You know who needs to have a more clear idea of “who you are”. But there are plenty of people we need to cut some slack. We just do not see them frequently enough to take the time to give them our life story (smile). You know the difference. I’m not saying it is EASY when misunderstood. I felt mad, then hurt, then filled with righteous indignation, bent on educating someone who really isn’t a part of my life. I had to let it go.

I’m learning a life worth living is all about choosing the battles and knowing when to take a stand. We learn to determine who to take to task and who to cut some slack. We never stop learning!

Denise Portis

© 2013 Personal Hearing Loss Journal


6 thoughts on “Cut ‘Em Some Slack

  1. I have been hurt by comments like this too. No– I don’t have a service dog– but I am deaf and I have a cochlear implant.
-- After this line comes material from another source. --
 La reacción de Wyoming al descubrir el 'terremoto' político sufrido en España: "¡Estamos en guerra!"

Sometimes I have to stop and remind myself that I am not knowledgeable about other peoples’ medical issues and have probably asked stupid questions before too. Like when my sister-in-law had cancer. Good blog!!
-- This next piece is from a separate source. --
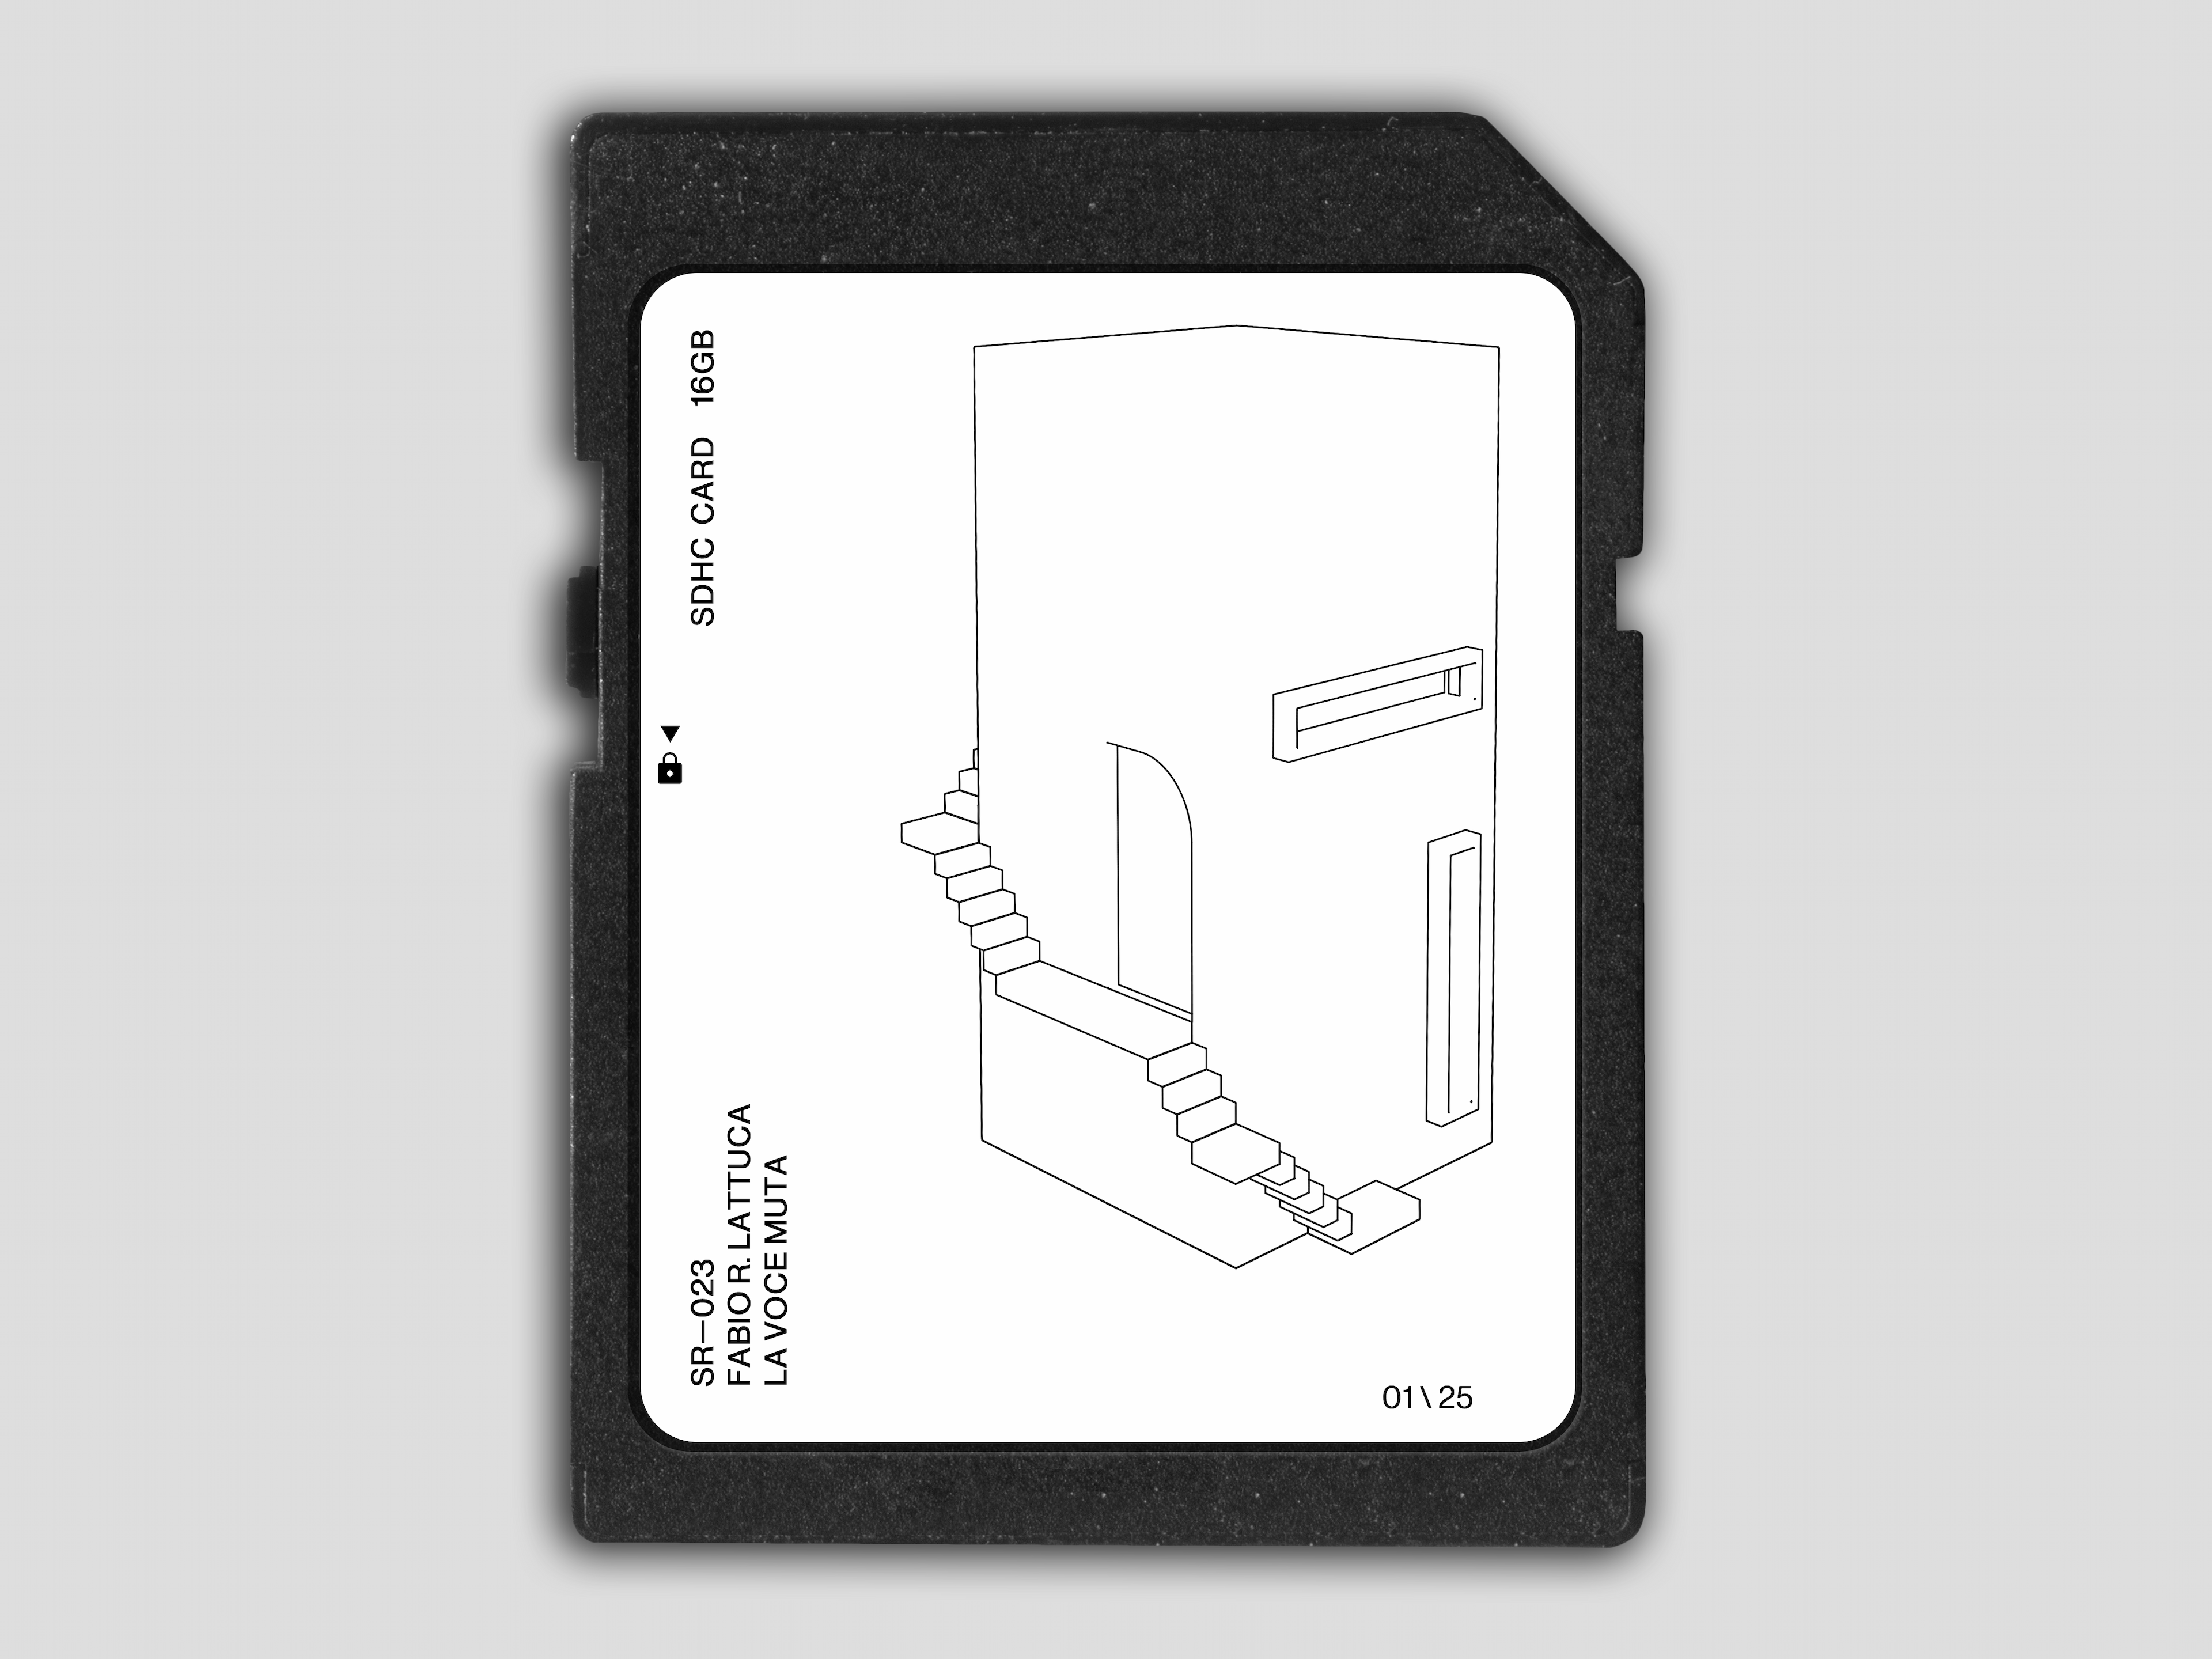 SD card merchandise for album release SR 023 La voce muta by Fabio R. Lattuca

  2. You look even cuter than your adorable pup in that picture! Love it!

    I am really interested to read more about how Chloe’s life is different than other pet dogs and how she gets sick. I have a chronically ill cat, and it’s gotten me really interested in animal health. Hope to read more soon! Love your blog. 🙂

    1. Hey Rachel! I may not have explained it very well. Unlike pet dogs that stay home except for occasional walks or trips to the park, service dogs are with their partner 24/7. So as Chloe goes to stores, public restrooms, restaurants, my various classrooms, offices, doctor offices, dressing rooms, and grassy areas to potty outside all of these venues, she is in contact with far more germs than a pet dog has exposure to by comparison. I try to check carefully under tables and in grassy areas when pottying her, but most hazards cannot be seen as they are microscopic. As a result, she has tummy issues more than our pet dogs (things they never catch from her either so it is a contact/ingestion germ). I give her a probiotic now and digestive enzyme. Thankfully she has far less tummy issues.

      Sent from my iPhone

      1. I tell people the same thing. So many things they are exposed to. Not only microscopic germs. My service dog has been affected by people on busses smelling of strong weed or alcohol in enclosed areas- their senses are a lot stronger then ours. Or there was a loose dog who bit her once while she was working. I’m not sure why a simple pet owner would want to expose their pet to these things or deal with the constant questions (at least that I get) on a daily basis. My service dog is there for a reason. I’ve got to a point, sometimes I pretend I’m deaf (not to be demeaning) or don’t answer so people will stop asking me questions. I also went to church with my SD. first day I went I went up to the podium to kind of introduce myself to the ward. The church leaders asked me how my dog knew to take me to the podium. Well.. I just told her to get up and go straight. I’m autistic and have mental challenges but I can at least do enough navigation (with her) to get where I want to go.- without her sometimes it’s a nightmare though. I want to go one way but then I end up somewhere else or I end up stuck in an ailse unable to think what I’m getting / doing sometimes standing there for hours. Not sure how that happens. But she keeps me grounded among other tasks so I can function more fully. Now I can occasionally go places within short distances of my home by myself or with a friend. But I can’t do it on a consistent basis. I end up having severe episodes.